If you don't consider disaster planning and availability part of your network management strategy, consider Stratus Computer's findings from a recent survey of Fortune 1000 companies. In 1992 (the last year such research data was available), computer downtime cost US businesses more than $3.8 billion in lost revenue and worker productivity. This downtime equals an average hourly revenue loss of $78,000 and approximately 38 million worker hours annually, or $444 million in wages.

A sudden loss of a mission-critical server can be financially disastrous. In most companies, just the downtime before recovery can be too costly. Still not convinced? According to "Down But Not Out" (HP Professional, September 1994), "The average company loses two to three percent of its gross sales within 10 days after losing its data processing, and critical business functions cannot continue for more than 4.8 days without a recovery plan in progress. Half of the companies that do not restore their data center to operation within 10 business days never fully recover. Ninety-three percent of the companies lacking a recovery plan are out of business within five years of a major disaster."
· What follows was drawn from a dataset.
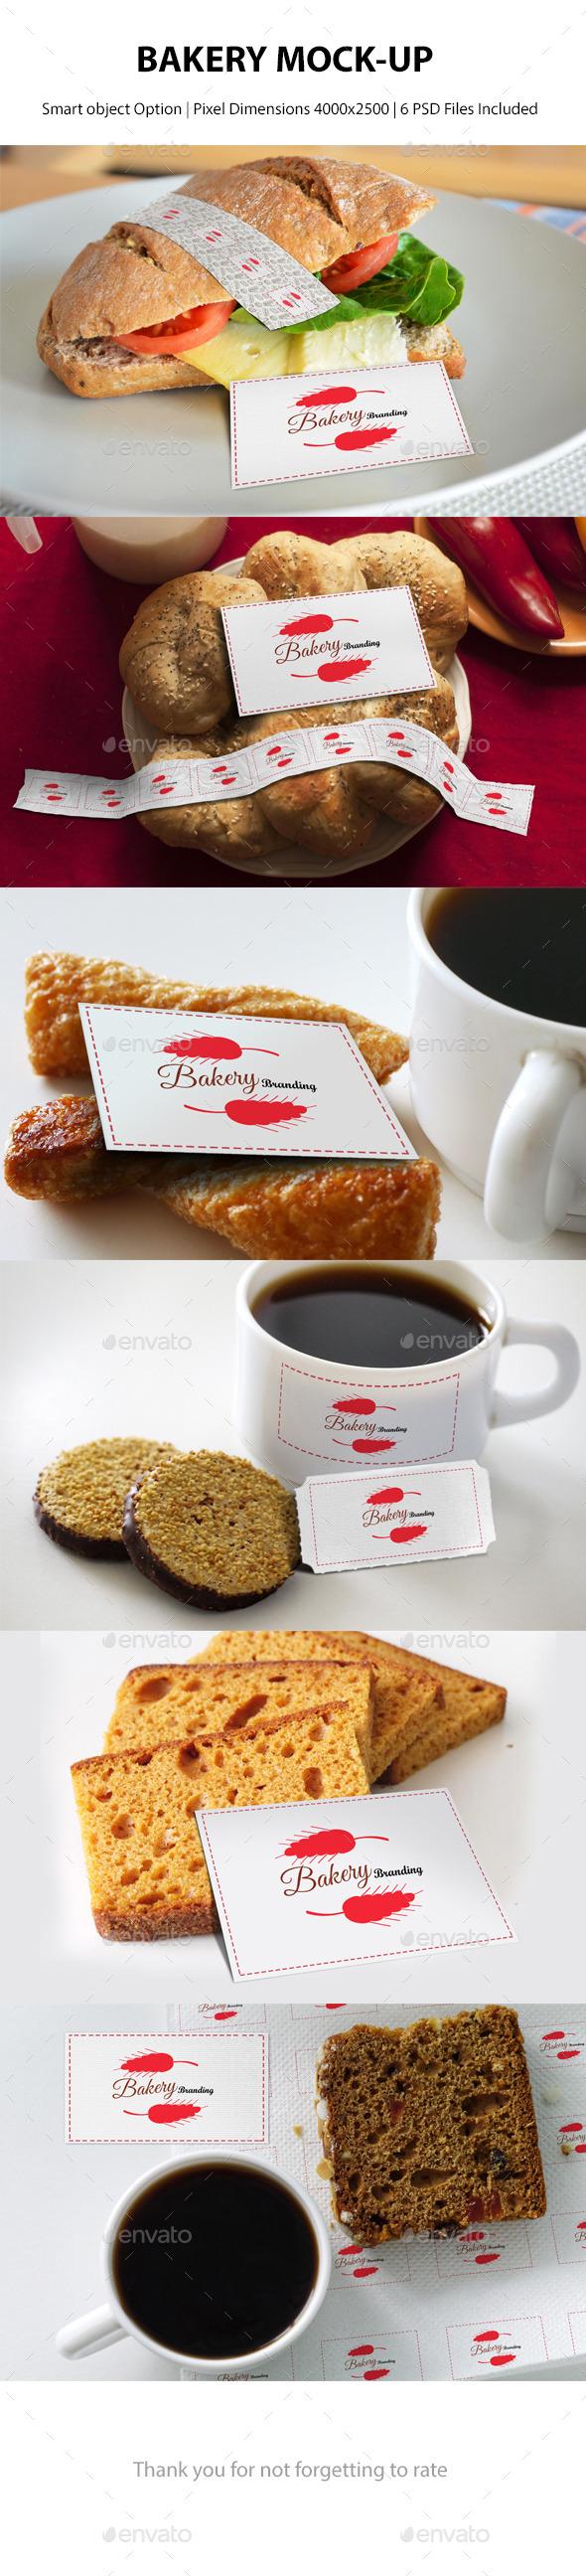 GraphicRiver Bakery Branding Mockup 9724817
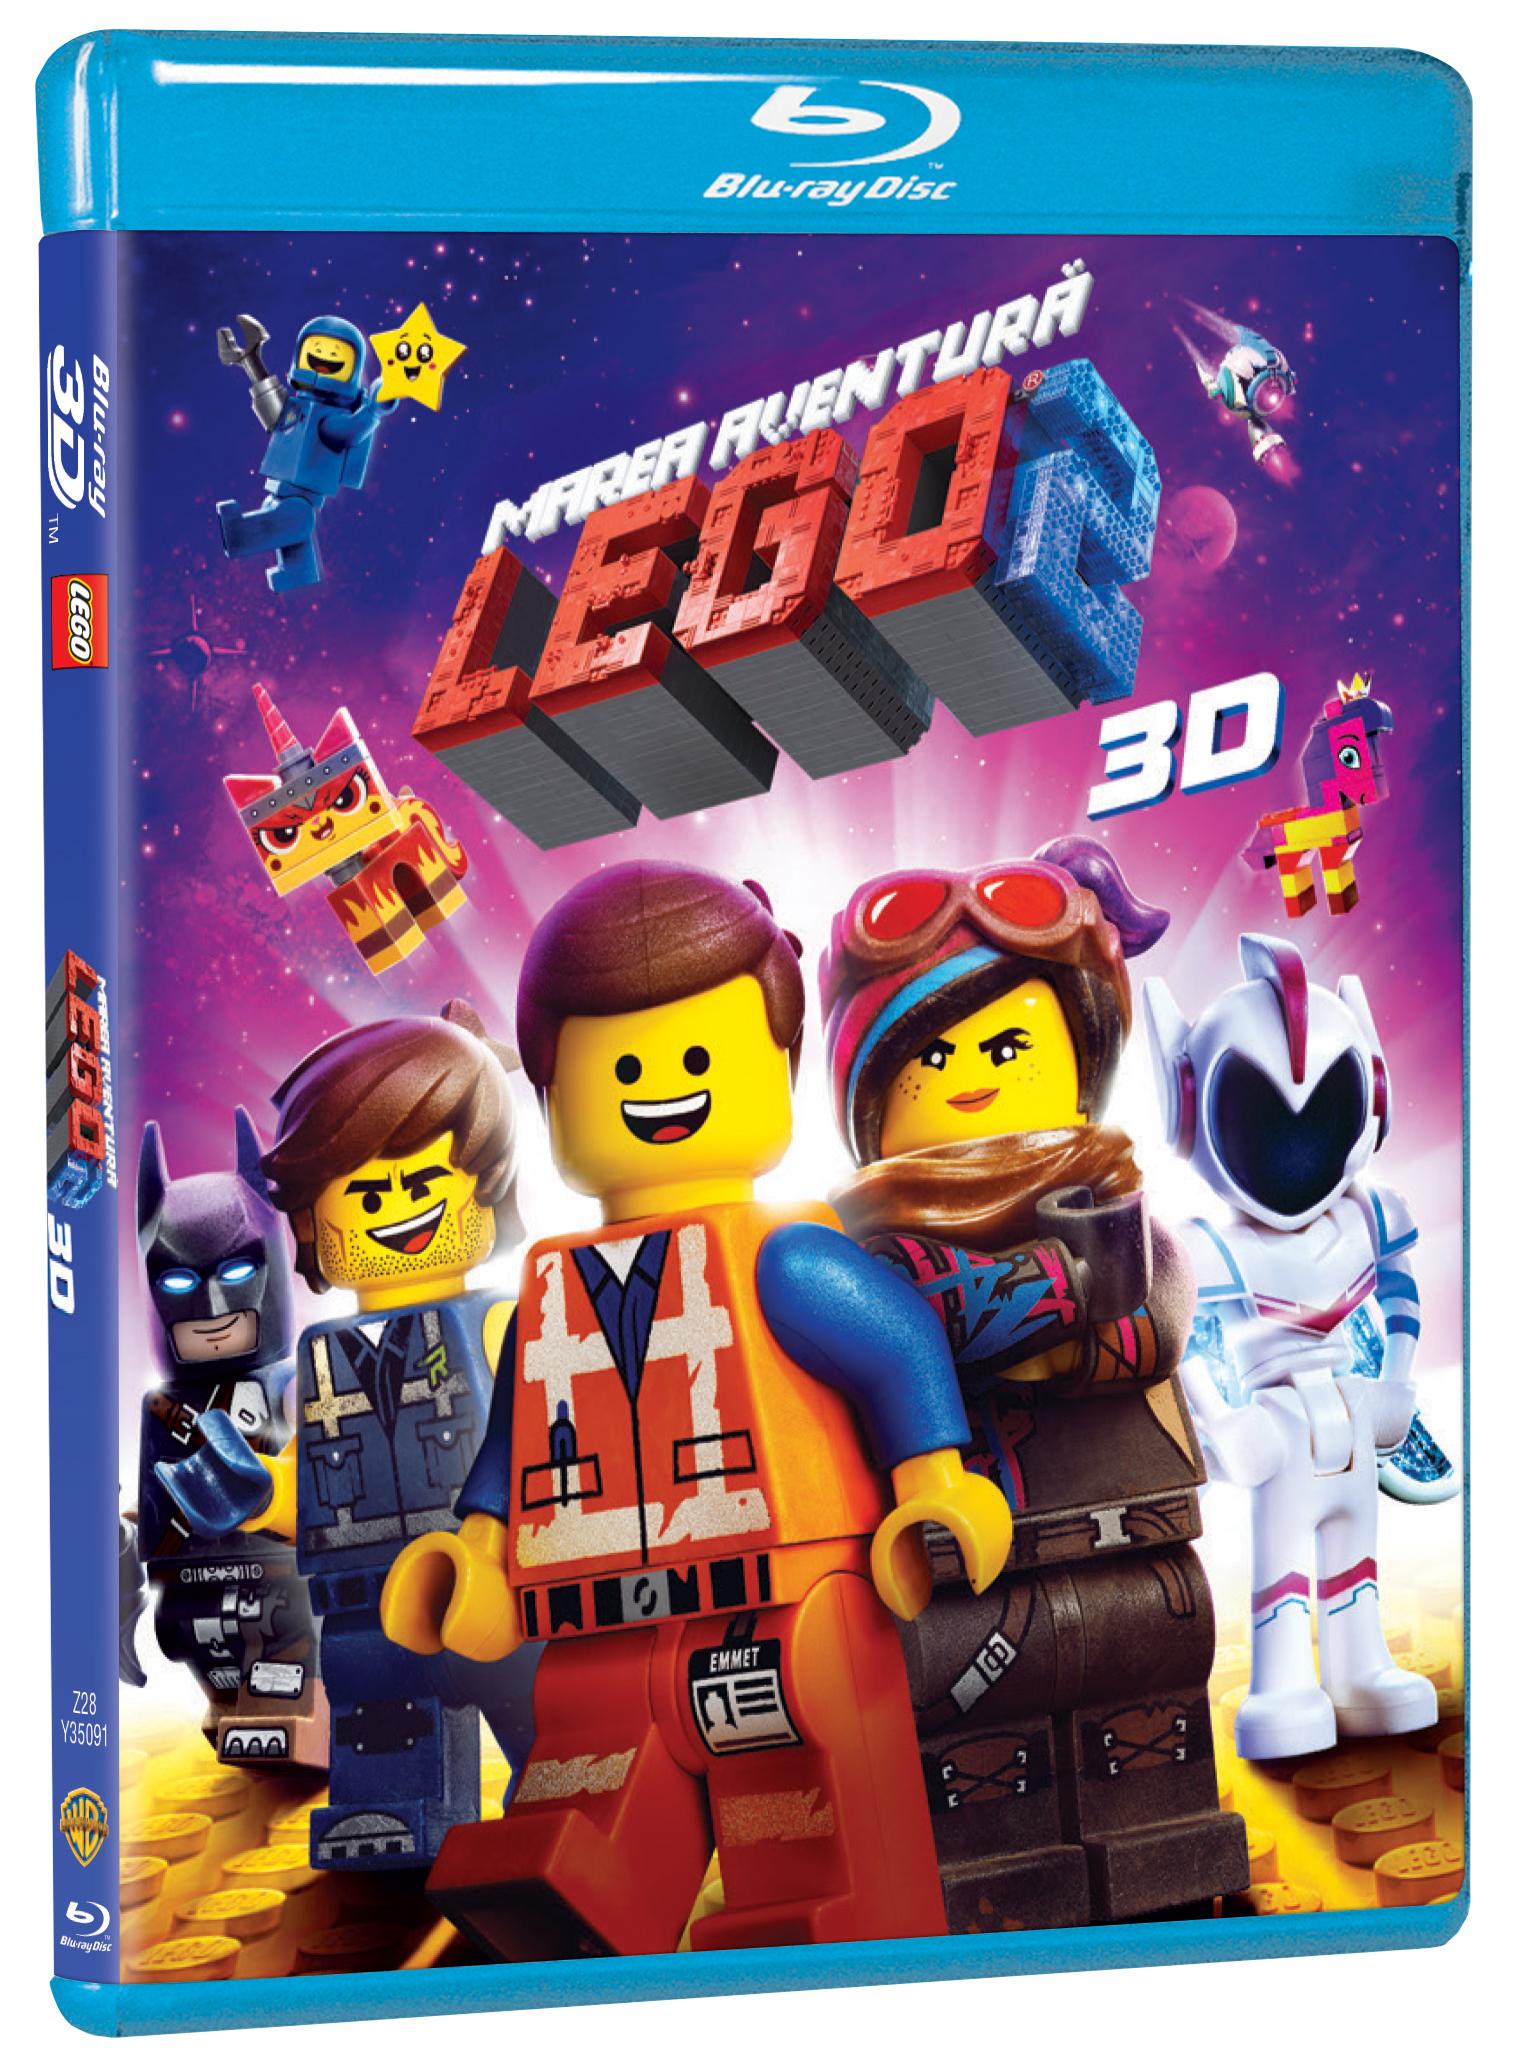 Marea aventura lego 2 / The Lego Movie 2 (Blu-Ray Disc 3D)

Despite these claims, few companies plan ways to prevent or mitigate losses. To protect the bottom line, companies need to evaluate potential losses and implement an appropriate availability scheme for their network.

A good starting point is to review the availability mechanisms that Windows NT Server supports. These mechanisms include data backup, uninterruptible power supplies (UPSs), and redundant systems. With an understanding of the options, companies can make informed decisions about implementing the appropriate levels of protection for their LAN and WAN and be better prepared for the next level of availability--ensuring server availability with server redundancy.

LAN Availability
Downtime can result from disasters such as fires, floods, power failures, and--let's face it--users. Users frequently (yet accidentally) delete critical files or stumble onto control-key combinations that can restructure databases and wreak havoc throughout a company. So when planning a network, you need to consider availability, backup, and disaster recovery.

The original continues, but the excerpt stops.